Ethnic Roma political party in North Macedonia

The Party for the Full Emancipation of the Roma of Macedonia (Партија за целосна еманципација на Ромите од Македонија, Partija za Celosna Emancipacija na Romite od Makedonija, PCERM) is a political party in North Macedonia representing the Roma minority.

==History==
Established in 1990 by Faik Abdi, the PCERM contested the 1990 parliamentary elections at a time when Macedonia was still part of Yugoslavia. It ran alone in some areas and in alliance with the Socialist Party in others, the latter alliance winning a single seat, taken by Abdi. It ran alone in the 1994 elections, receiving 0.7% of the vote and winning one seat. During the 1994–98 parliamentary term it was represented in the Assembly by Abdi and Amdi Bajram. Reportedly, in the 1990s, leaders of the PCERM called for the establishment of an independent Romani state, "Romanistan".

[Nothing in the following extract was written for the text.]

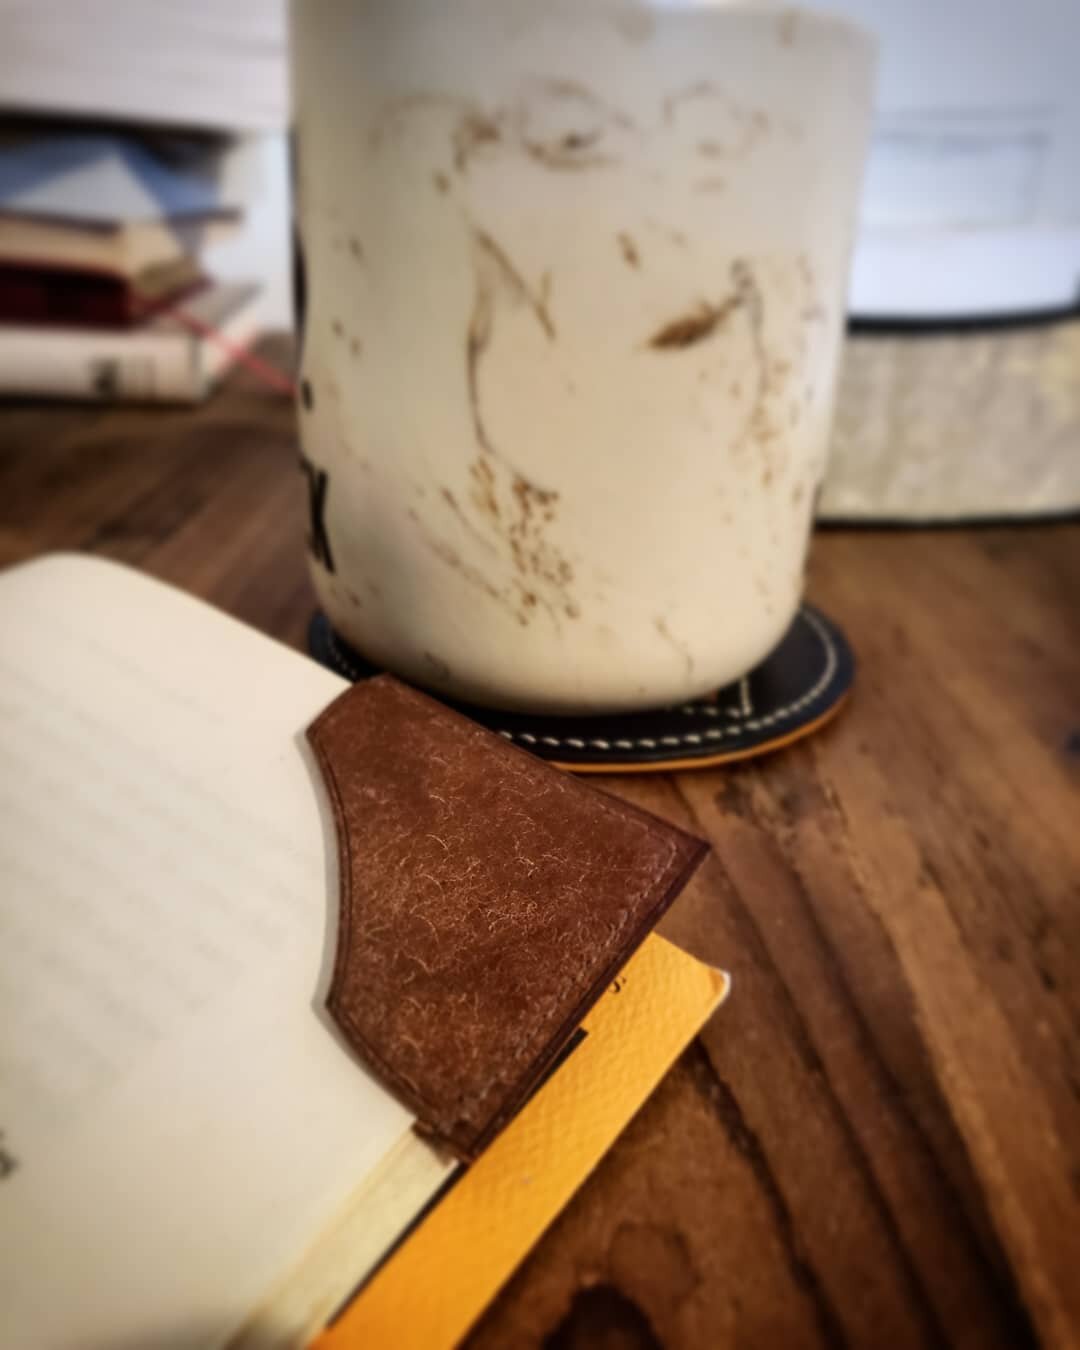 Always easy to pick up where I left off. 

#bookmark #simple #reading #morning #coffee #quiettime #relaxing #goodstart #leather #coaster #leatherwork

The 1998 elections saw the party run in an alliance with the Socialist Party, the Democratic Party of Turks, the Democratic Progressive Party of Roma in Macedonia and the Party of Democratic Action of Macedonia. Despite finishing sixth with 4.7% of the national vote, the alliance failed to win a single seat. The PCERM contested the 2002 elections alone, but received just 0.2% of the vote and remained seatless.

The party did not contest the 2006 elections. However, it returned to run in the 2008 elections as part of the For a Better Macedonia coalition led by VMRO-DPMNE. The alliance won the election, taking 63 of the 120 seats in the Assembly.

However, prior to the 2011 elections, the PCERM joined the Social Democratic Union (SDSM)-led alliance, State Election Commission which lost the election to the VMRO-DPMNE coalition. It remained part of the SDSM alliance for the 2014 elections, again losing to VMRO-DPMNE.